Peugeot owns 47% of Faurecia, one of the world’s largest Tier 1 automotive suppliers, primarily dealing in seating and exhaust systems.

This business serves many of Peugeot’s competitors and operates independently.  Faurecia results are consolidated in Peugeot financials and the Eur1.7B non-PSA ownership stake is backed out as minority interest in valuation.

 

Partnerships

The company has operational partnerships, the most important with Chinese manufacturers Dongfeng and Changan, and financial partnerships with Santander for the finance operation.  China is Peugeot’s largest market after Europe.  Partnerships are accounted for under the equity method, and contributed €353m to earnings in the 6/30/16 LTM period.



Risks

There are numerous risks, the biggest being that this is a difficult industry to operate in.  To the extent there is a macroeconomic or industry downturn, shareholders don’t have the comfort of owning a “great business.”  That said, ~3x EV/EBIT and a net cash capital structure allay most of my concerns about business quality, as the market has hopefully discounted this in the current price.  A list of potential risks, in roughly descending importance, is below:

  • Industry downturn

  • Macroeconomic slowdown/ European instability

  • Peak margins unsustainable

  • Potential surprise emissions cheating accusations

  • Government as significant shareholder

  • Disruptive potential of Uber/Tesla/Driverless/etc.

Valuation

This trailing valuation is attractive relative to peers, most trading at mid/high single digit forward EBITDA.  It is also attractive relative to historical Peugeot, whose trading history is shown below:

The scenarios above suggests margins above historical averages, but well below current levels.  This seems reasonable, as gains under Tavares are primarily due to structural business enhancements. Current margin improvments do not have to be fully sustained to generate attractive returns, but if they are, upside is well above the scenarios presented.
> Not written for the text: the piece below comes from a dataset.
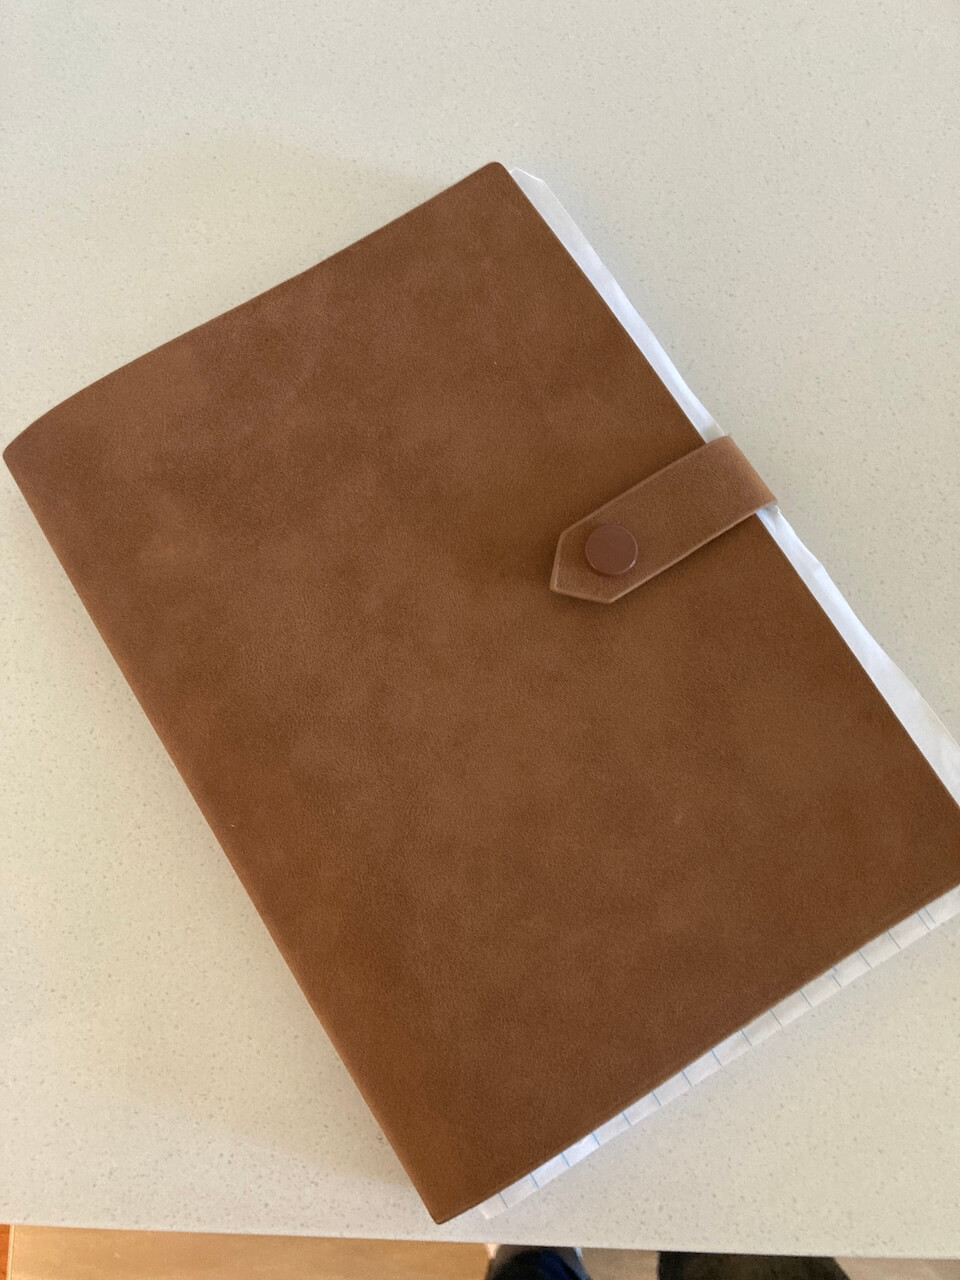 share some Friday favourites - notebook

If we assume operating multiples anywhere near peer levels, the implied margin decline seems highly unlikely relative to improving performance at Peugeot.

 

Other

Below are several other items that seemed worth including, as the address many of the concerns that I had as I initially began my research:

 

Significant margin gains despite company multiples well below peak:

 

Although Peugeot is “subscale” versus most peers, it does have relative scale in its key market, France.  It is also one of the leading players in Europe.  The scale argument comes up as one of the negatives of this business, and while I don’t view Peugeot’s size as an advantage, it does not seem to be as negative as my initial perception.  

 

The following quote provides some insight on Tavares’ view of scale:

A constant in Tavares’ plans at PSA is the lack of any volume target.  Why?  “Because I am consistent, and volume can be the enemy of value,” he said.  For him, growth is measured by revenue, operating margin and market and product coverage.  “This industry has made many, many mistakes in recent years by always pushing volume.”  A firm believer that pushing volume can destroy value, Tavares last year saw PSA growing not its volume, which was barely flat, but its profits.  “To me, performance matters more than size,” he said.  While not obsessed by volume, Tavares is obsessed by being disciplined in pricing.  “What I have told my brand CEOs is very simple: The first thing you need to do is control pricing.  It is absolutely strategic.”  Automotive News; 10/24/16

The above table also shows that Peugeot’s CEO, who I view as favorably as any in the industry, is nearly the lowest paid.  Management is well aligned with shareholders, although he deserves greater rewards if top-tier performance continues.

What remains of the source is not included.